The Only 2 Stocks To Cash In On 'The Death Of Trans Fats'

By Michael Vodicka
November 22, 2013

The Food and Drug Administration (FDA) has the ability to make or break companies.

As the leading regulator of the domestic food and drug industries, the FDA has rulings that can send one company's share price soaring and another's crashing at the same time.

That's why one recent announcement from the closely followed agency was so important.

In an attempt to combat heart disease, the FDA said it was on a clear path to banning hydrogenated oils, one of the primary components of trans fats.

In the short run, that is a big threat to the soybean industry, potentially impacting close to 4 million acres of annual production. But in the long run, it sets the stage for a whole new class of FDA compliant soybeans.

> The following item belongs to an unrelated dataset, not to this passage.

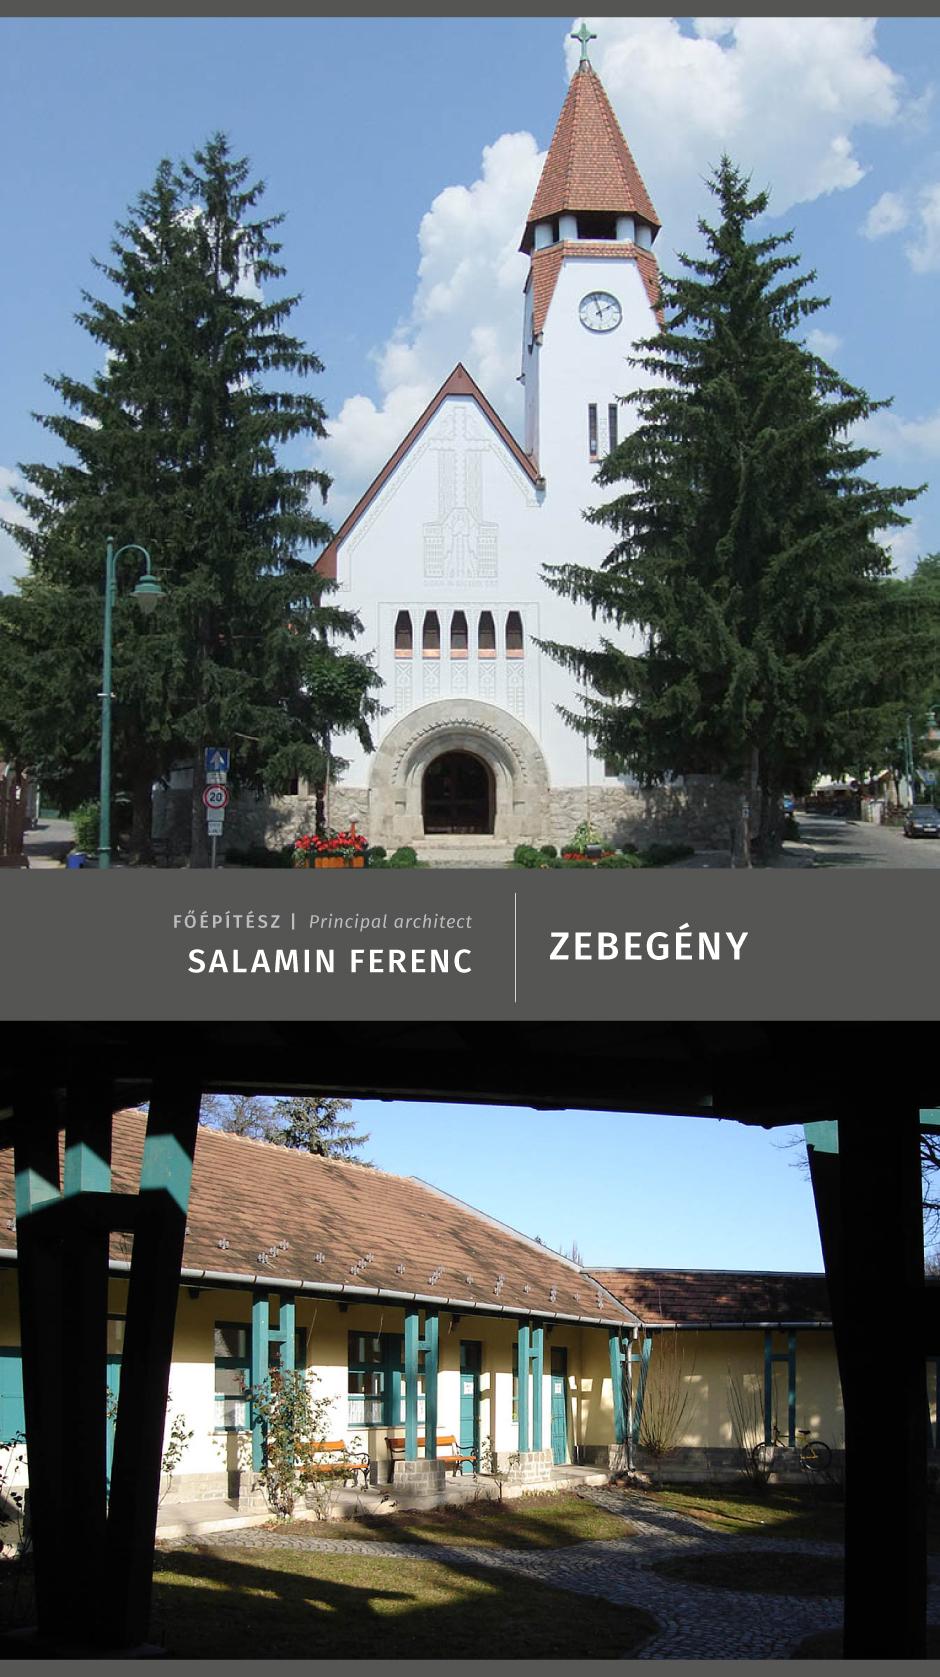 tablo_zebegeny-940x1677

The soybean industry is lobbying regulators to approve a new class of soybeans called high-oleic that will meet the new regulatory standards. If the approval comes through, the United Soybean Board projects compliant bean production will accelerate to 18 million acres by 2023, almost 25% of 2013's projected yield of 76 million acres.

The birth of a new soybean market is creating a big opportunity for two global leaders in seeds.

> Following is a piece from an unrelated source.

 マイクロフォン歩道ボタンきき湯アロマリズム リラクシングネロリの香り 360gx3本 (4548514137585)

Not only are these companies the only two in the world with the technology available to make these compliant seeds, they are protected from new competition by huge barriers to entry and enjoy high margins because of their coveted intellectual property. That has already fueled big gains in the last two years.

Let's take a closer look at these two market leaders.

Monsanto (NYSE: MON)

Monsanto is already a global leader in seeds and pesticides with a market cap of $58 billion.

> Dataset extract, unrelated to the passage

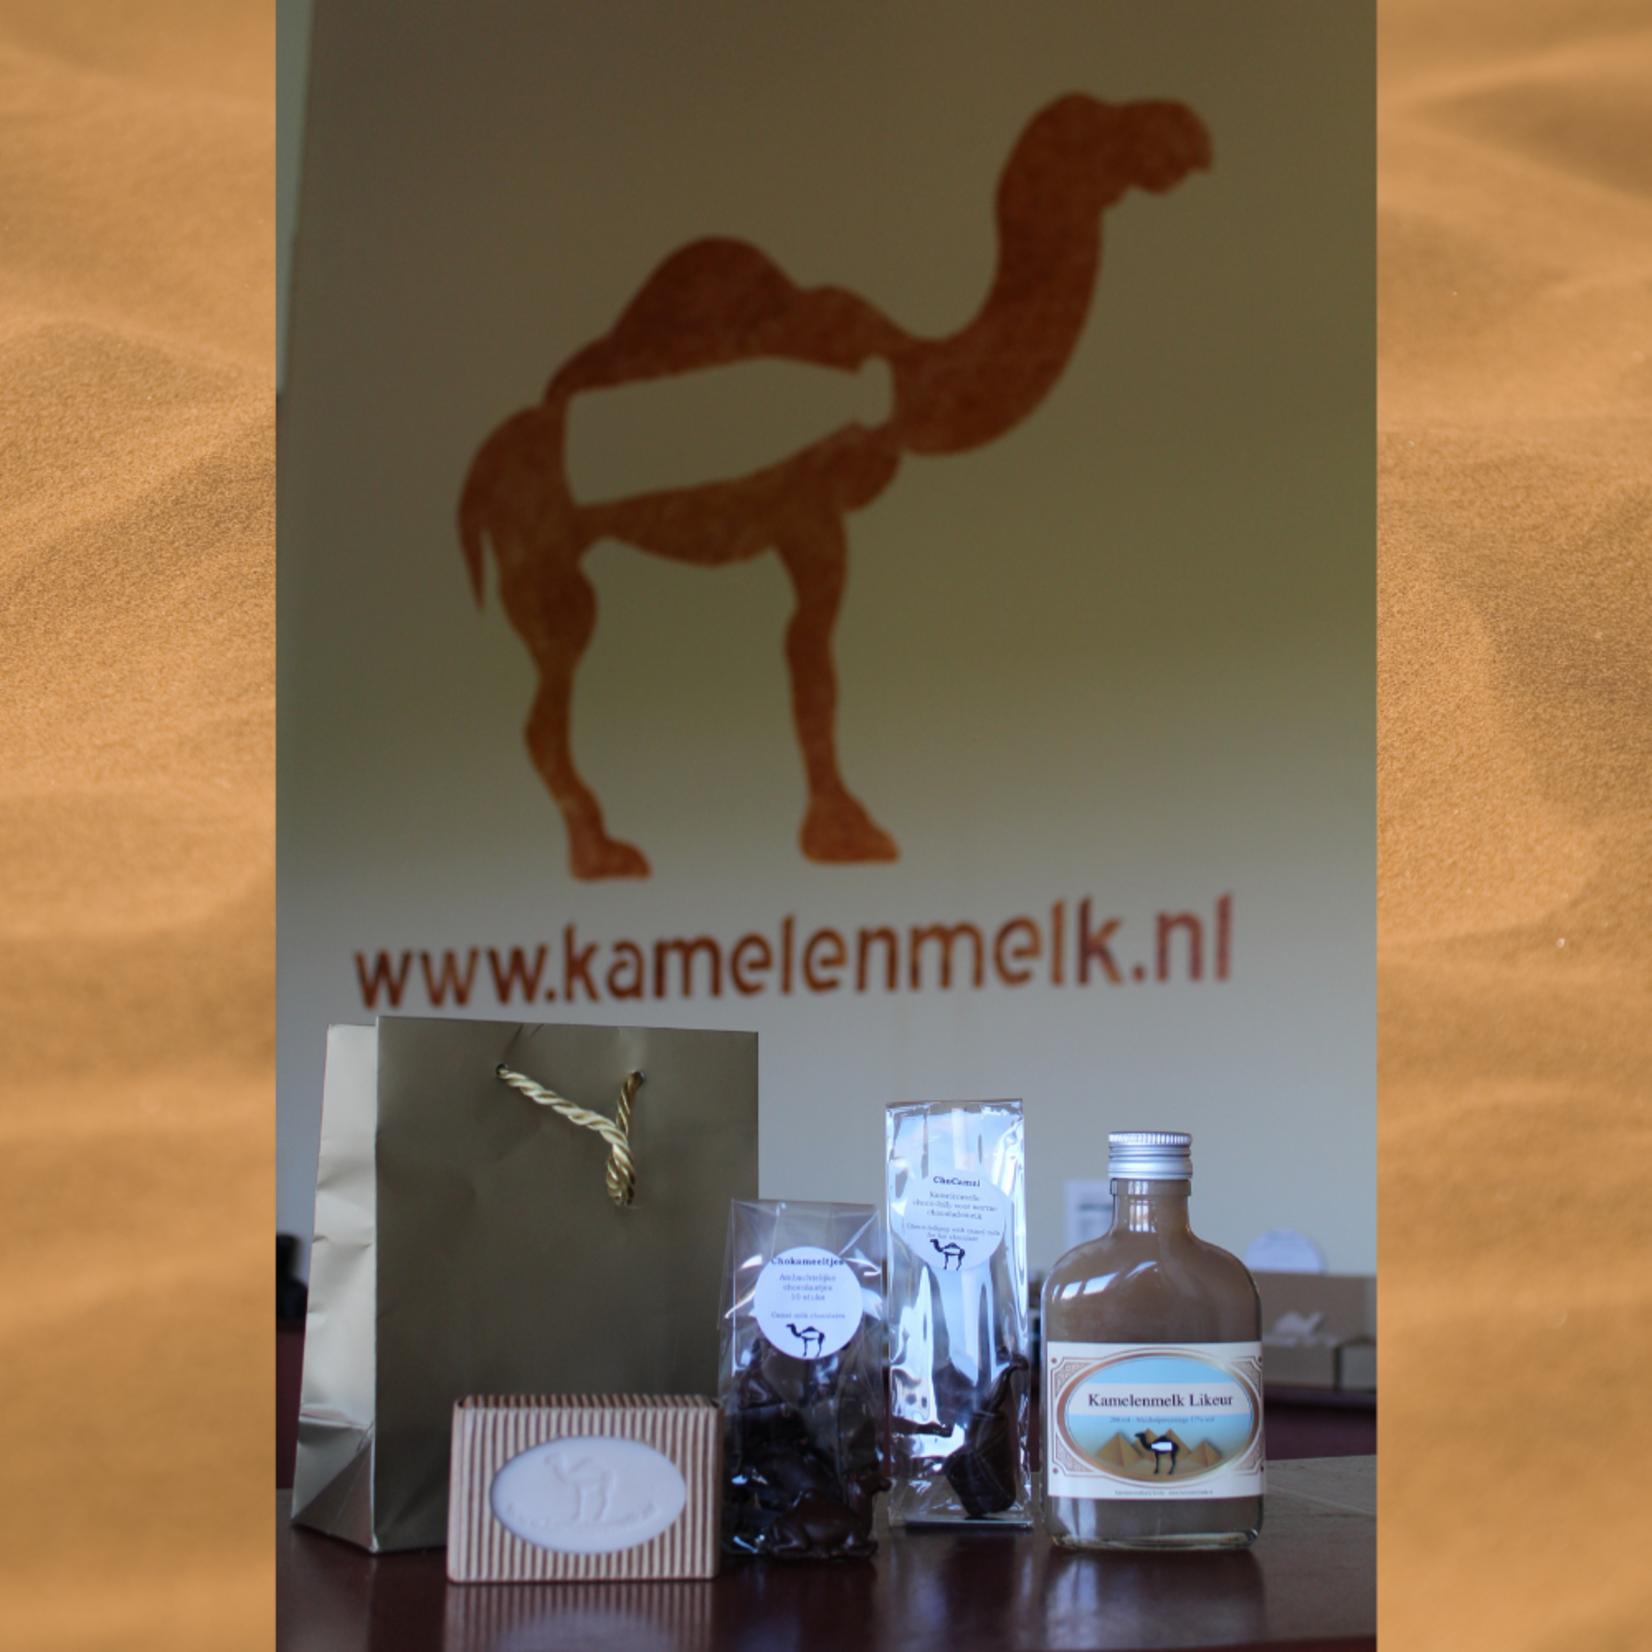 Kamel-Geschenkpaket 2 mit Kamelseife, Choco Kamele, einem Chocamel-Lutscher und eine Flasche Kamelmilchlikör

Its global and industry leading genetic technology has given it a big edge in the seed market. Its portfolio of genetically enhanced seeds offer huge benefits to farmers, including resistance to the sun, extreme weather conditions and insects while also boosting yields.

Monsanto's dominant presence in the seed market and industry-leading genetic technology puts it in the perfect position to capitalize on the FDA's intentions to ban trans fats.

The company's response to a shift away from trans fat is Vistive Gold, a genetically enhanced soybean that is lower in polyunsaturated fat. Monsanto views its new enhanced soybean as a window into the future of the industry, with biotech research and development (R&D) fueling healthier alternatives. Vistive Gold received domestic approval in the summer of 2012, and with other global approvals pending, Monsanto expects a full launch in 2014.

The consensus estimates for Monsanto going forward stand at 14% earnings growth in fiscal 2014, 17% growth in 2015 and average annual earnings growth of 14% in the next five years. Monsanto also carries a respectable 1.6% dividend.

Monsanto is exactly the type of company my colleagues at StreetAuthority.com feature in their Top 10 Stocks for 2014 report. Dominance in the marketplace, dividends and stock buybacks are just three of the features these powerhouses have. And that's not all: One stock has raised its dividend 36 times since 2004, while another has boosted its dividend a whopping 183% since 2011. Learn more here.

DuPont (NYSE: DD)

DuPont is also a global leader in the seed and agriculture business with a market cap of $57 billion.

As one of the few companies that can compete with Monsanto's genetic technology, DuPont is also making moves to cash in on the death of trans fats.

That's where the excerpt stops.